** Opening SOURCE MATERIAL block **

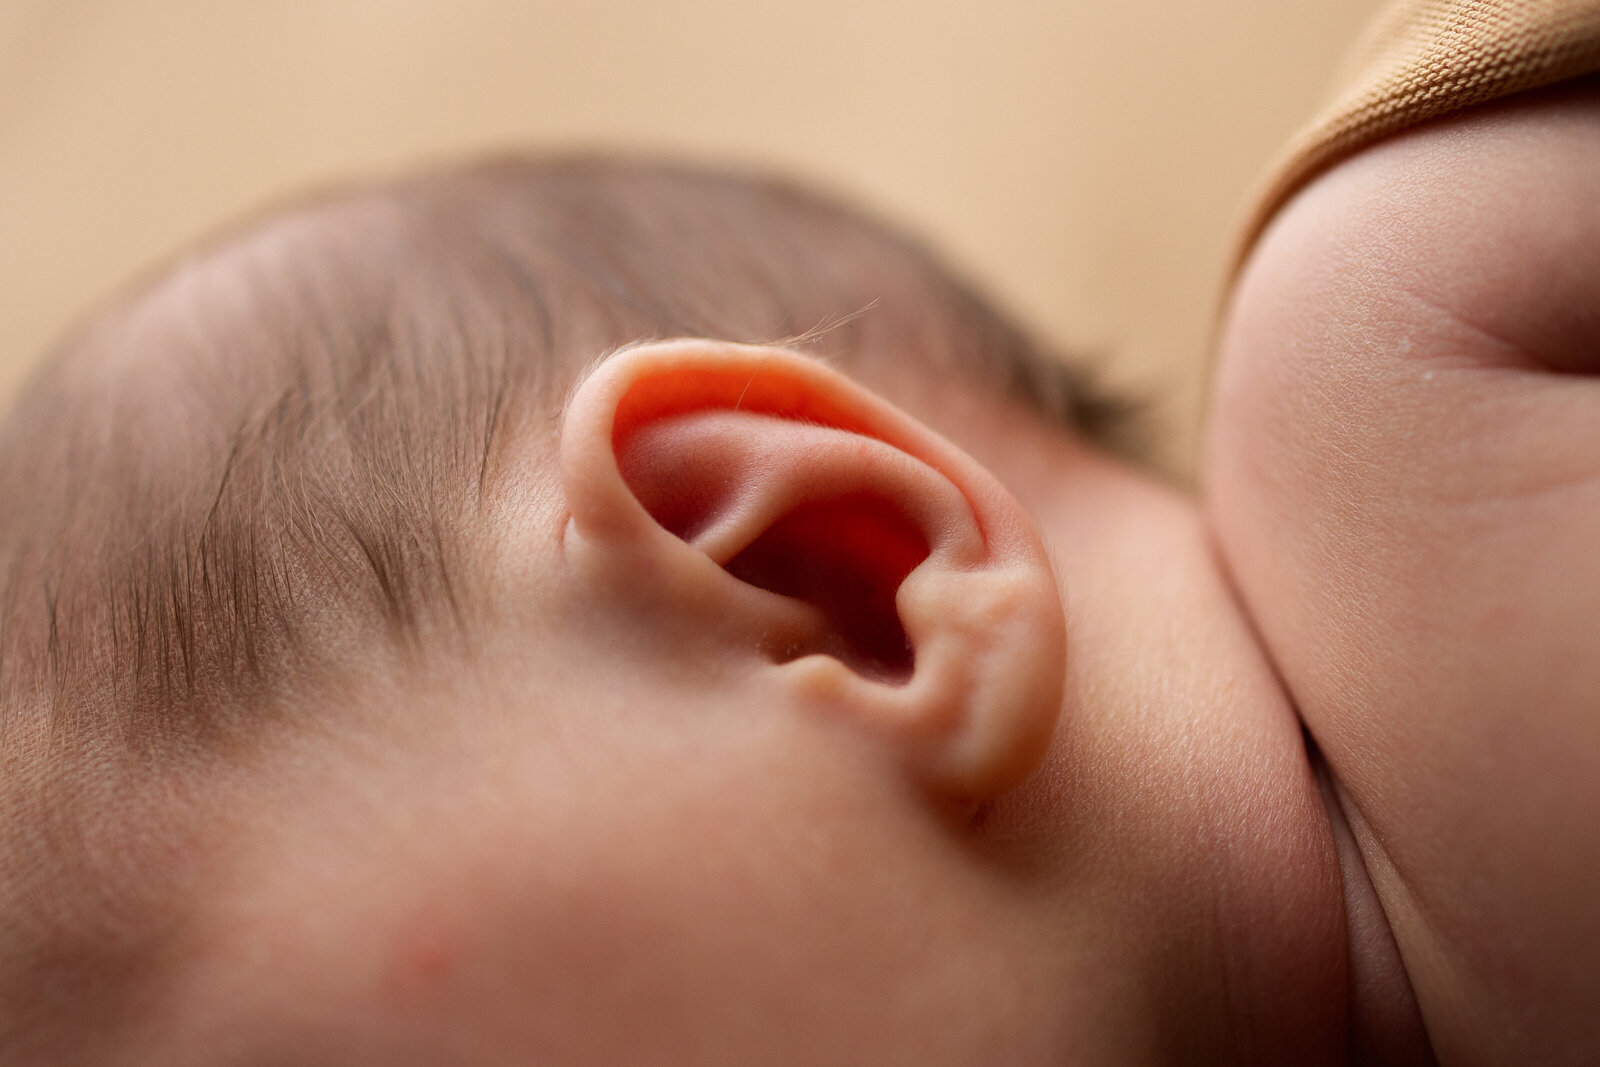 Close up detail photo of newborn baby's ear
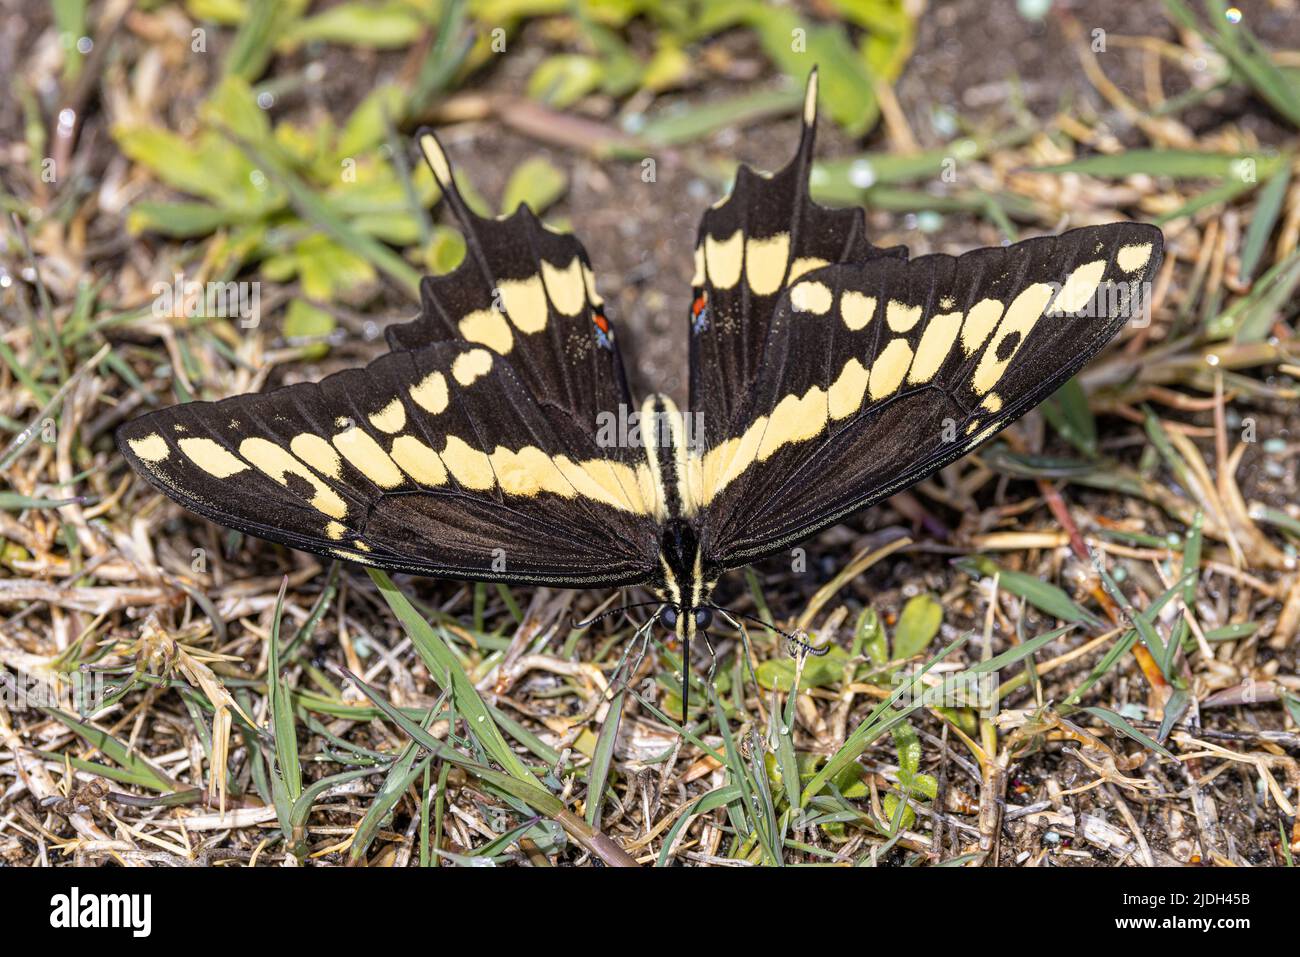 giant swallowtail (Papilio cresphontes), drinks dewdrops from the grass, USA, Arizona, Sonoran Stock Photo
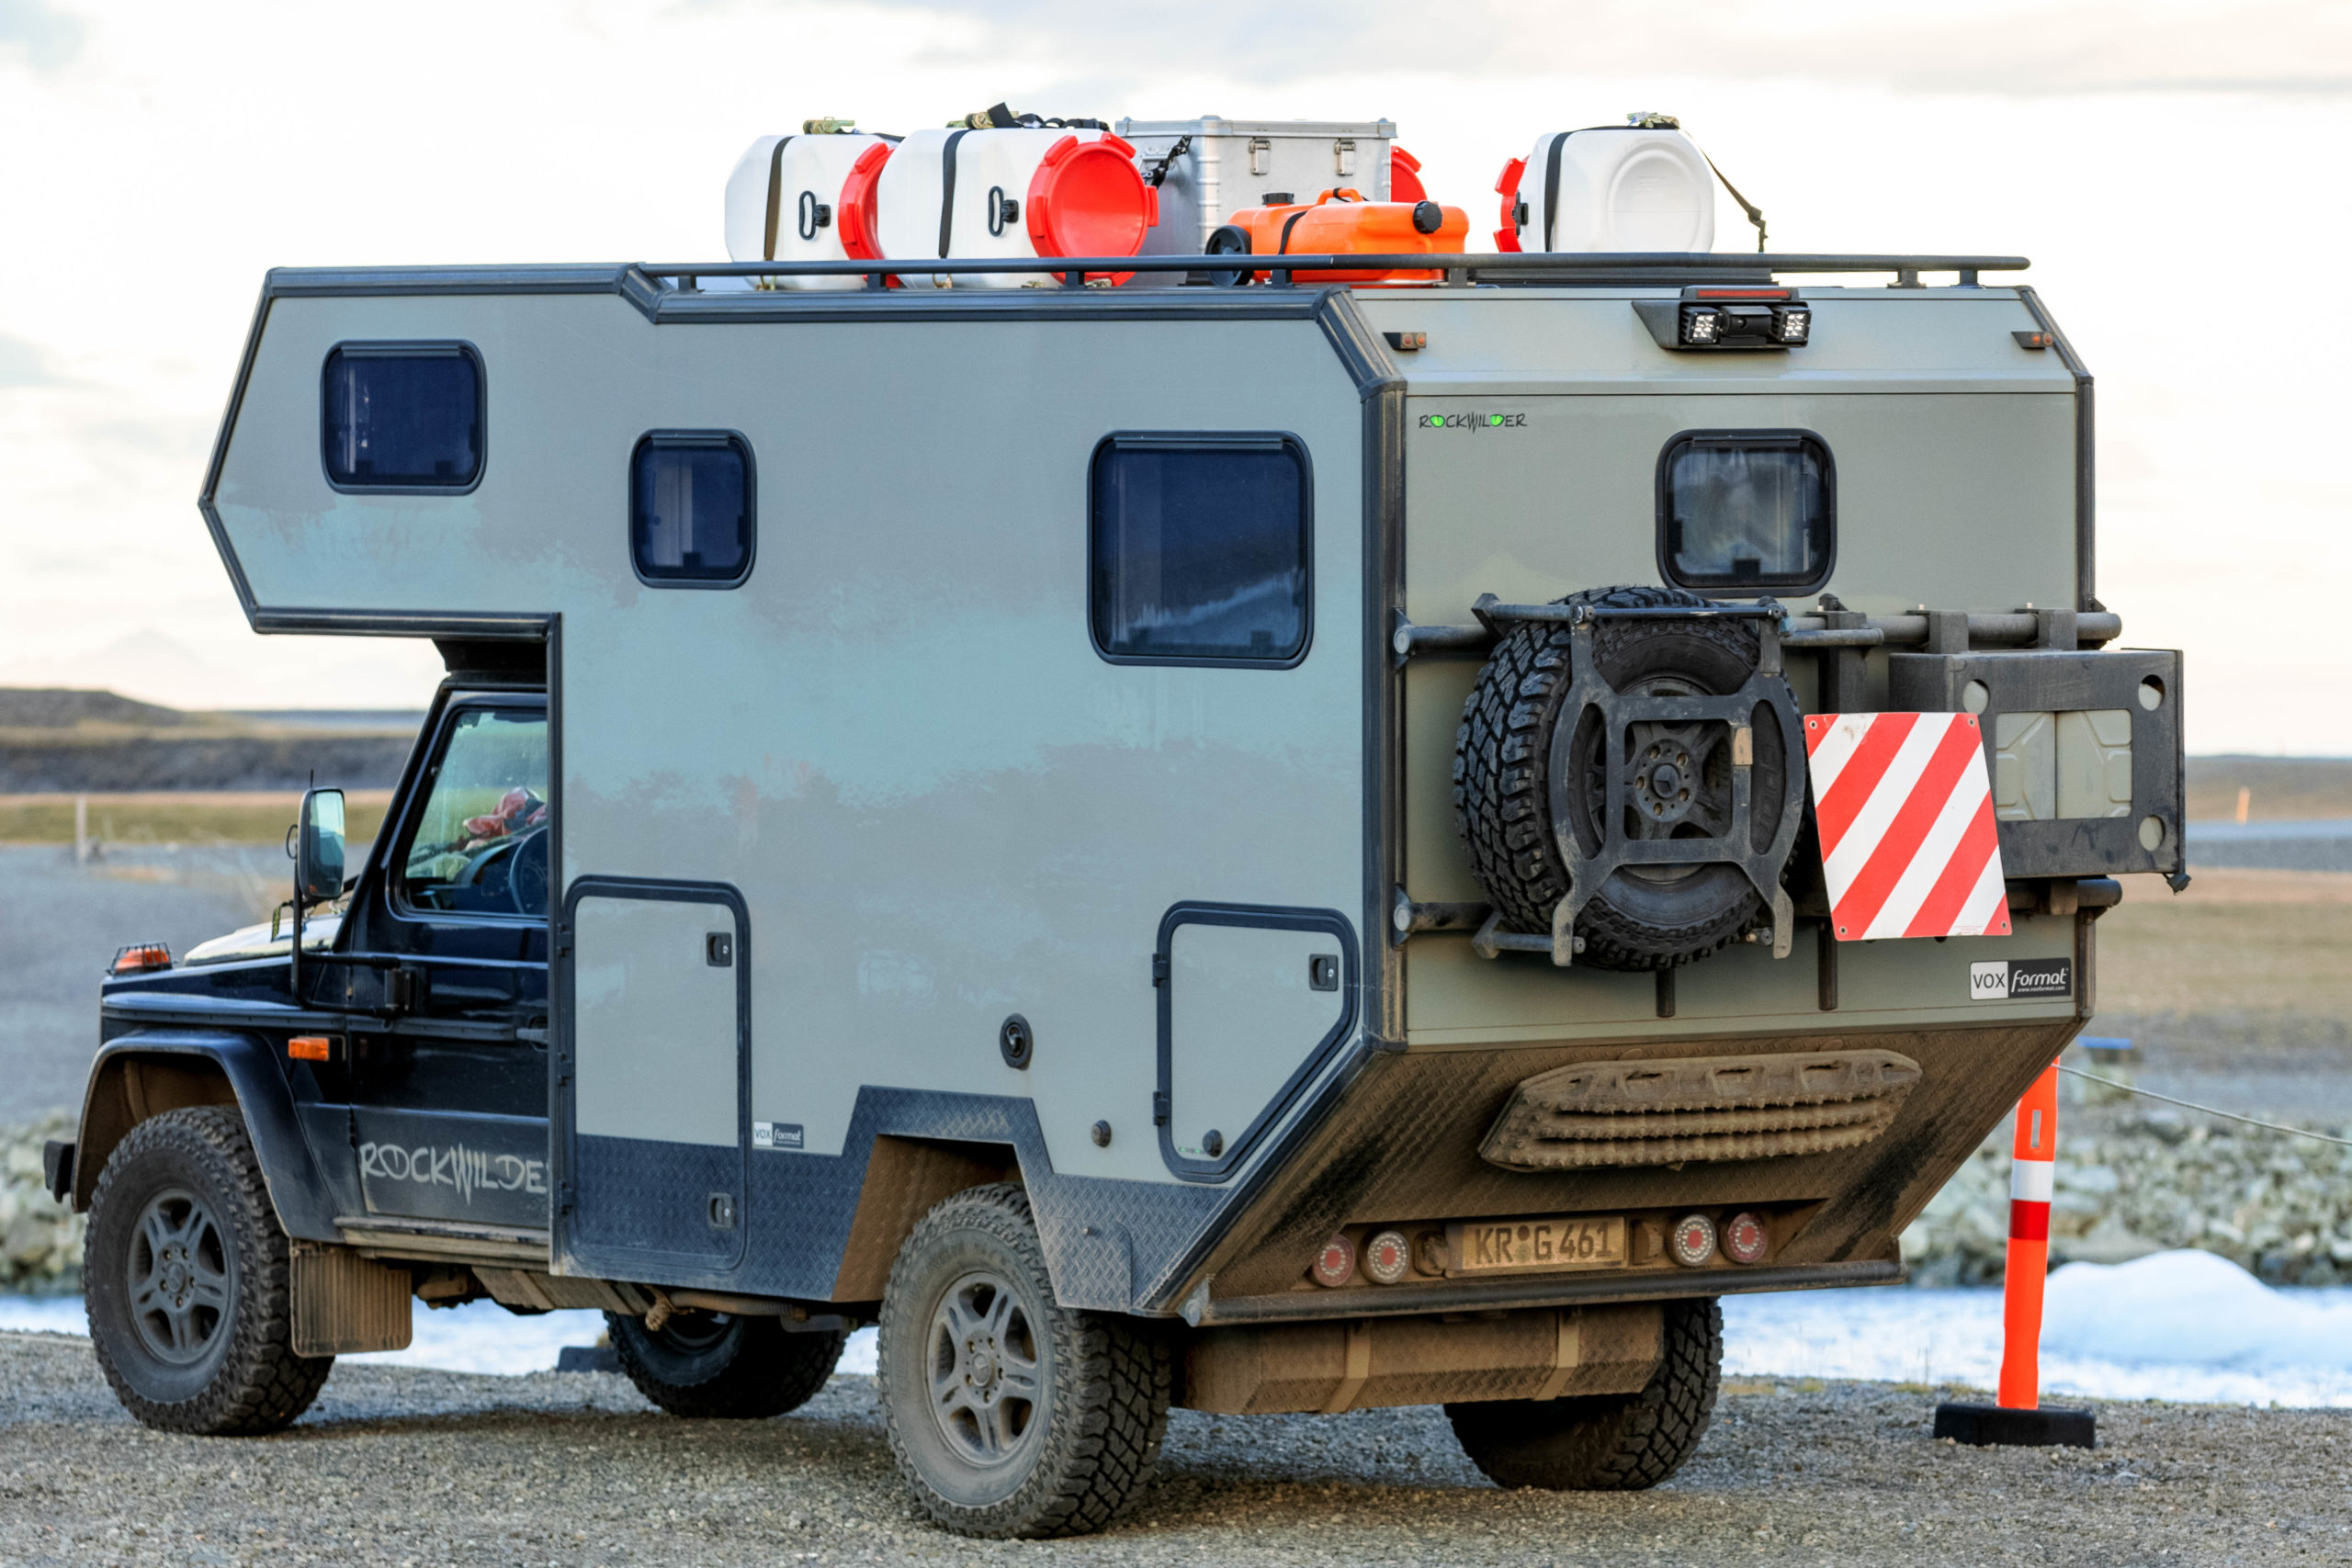 A heavy duty vehicle in Iceland.

** Closing SOURCE MATERIAL block **

### ASSIGNMENT
The copy must match every line of the data exactly and contain no pictures.

### EXERCISE RESPONSE
 Close up detail photo of newborn baby's ear
 giant swallowtail (Papilio cresphontes), drinks dewdrops from the grass, USA, Arizona, Sonoran Stock Photo
 A heavy duty vehicle in Iceland.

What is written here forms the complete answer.